The March Route of Rochambeau's Army: Scotland Road is a historic road section in Windham, Connecticut. Extending along Scotland Road (Connecticut Route 14), from itsintersection with Back Rd. to 80 Scotland Road in, it is an evocative portion of the historic march route of the French Army under the Comte de Rochambeau in 1781 and 1782 during the American Revolutionary War. The troops camped beside the road within this segment in 1782. It was listed on the National Register of Historic Places in 2003.

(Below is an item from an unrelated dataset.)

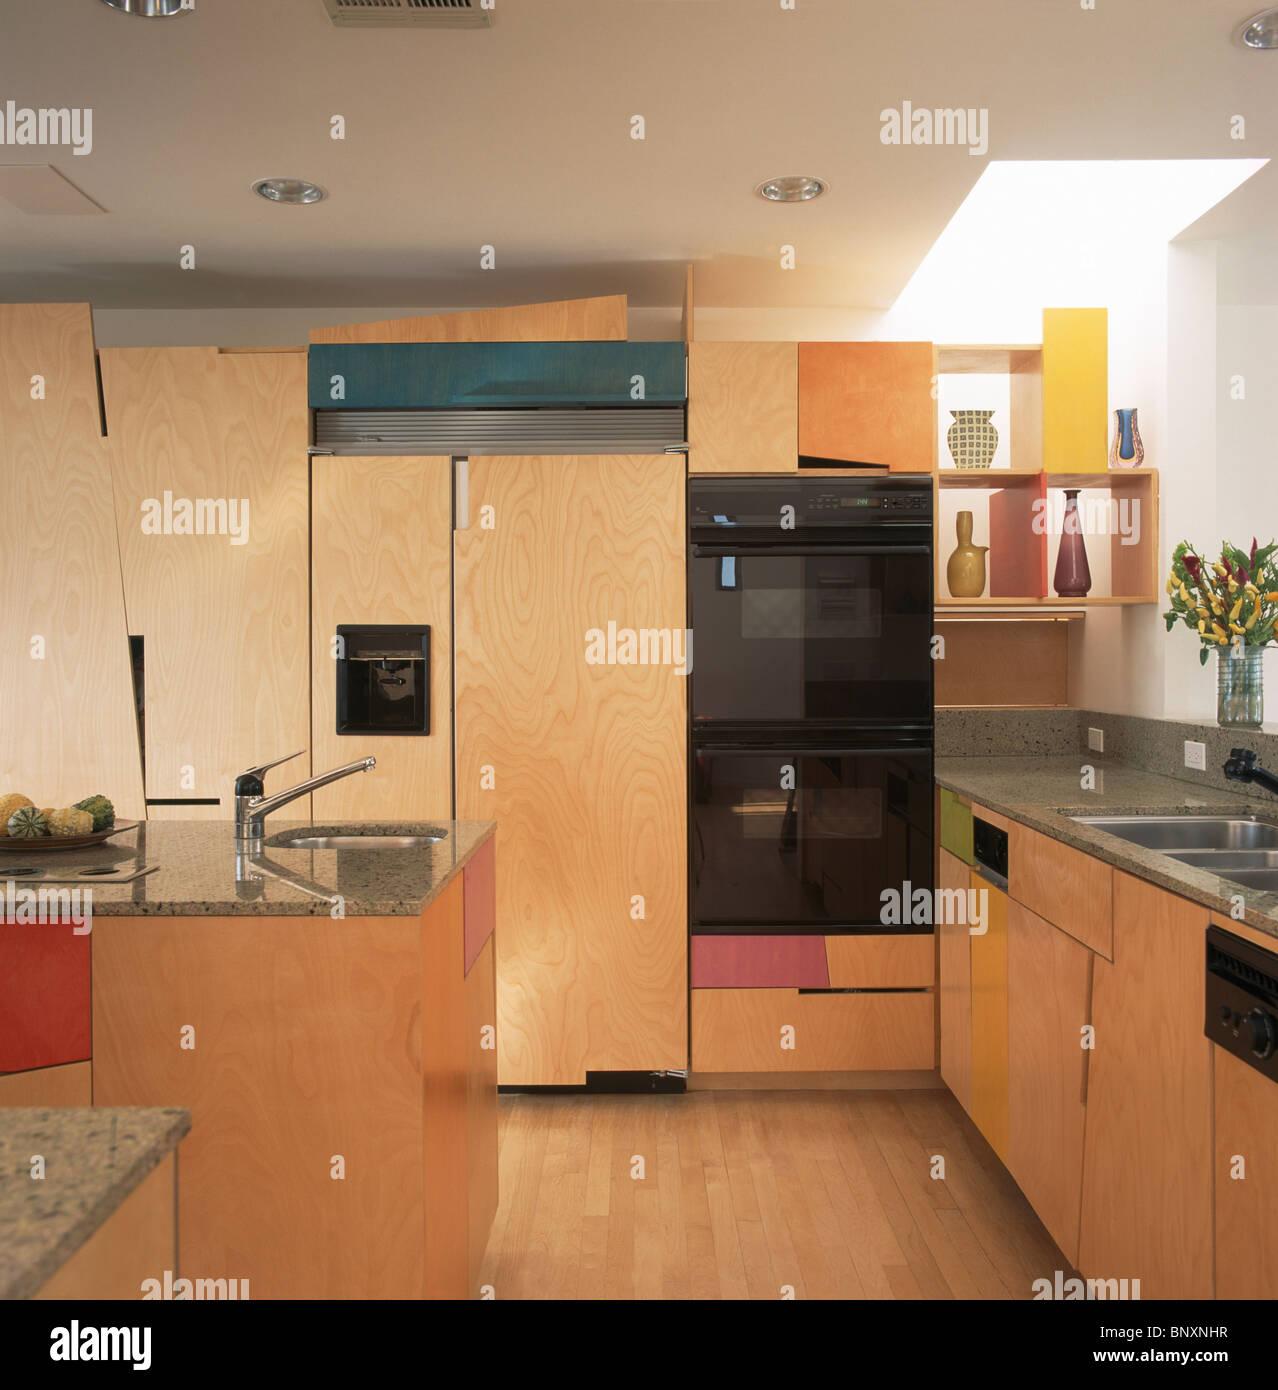 Large Capacity American Fridge Freezer Part - 47: Large White American-style Fridge-freezer And Eye-level Oven In Modern  Kitchen

==Description and history==
Scotland Road is the name given to the main road running east from Windham Center to Scotland. A short distance east of Windham Center, the road descends a slope, lined on both sides with stone walls. There are a few houses on the south side, with fields behind, and much of the north side is an open field. The notable section of the road is about 1700 ft in length, running roughly from Ballamahack Road in the west to Back Road in the east. The roadway is now paved, but the stone walls and views of countryside are much as it would have been in 1781-82.

The road is historically significant, because it formed part of the march route taken by French commander Rochambeau's French Army troops in 1781, on their way to Yorktown, Virginia, and also on the route of their return journey in 1782. On the return trip, the army established a camp in the field on the north side of this road section.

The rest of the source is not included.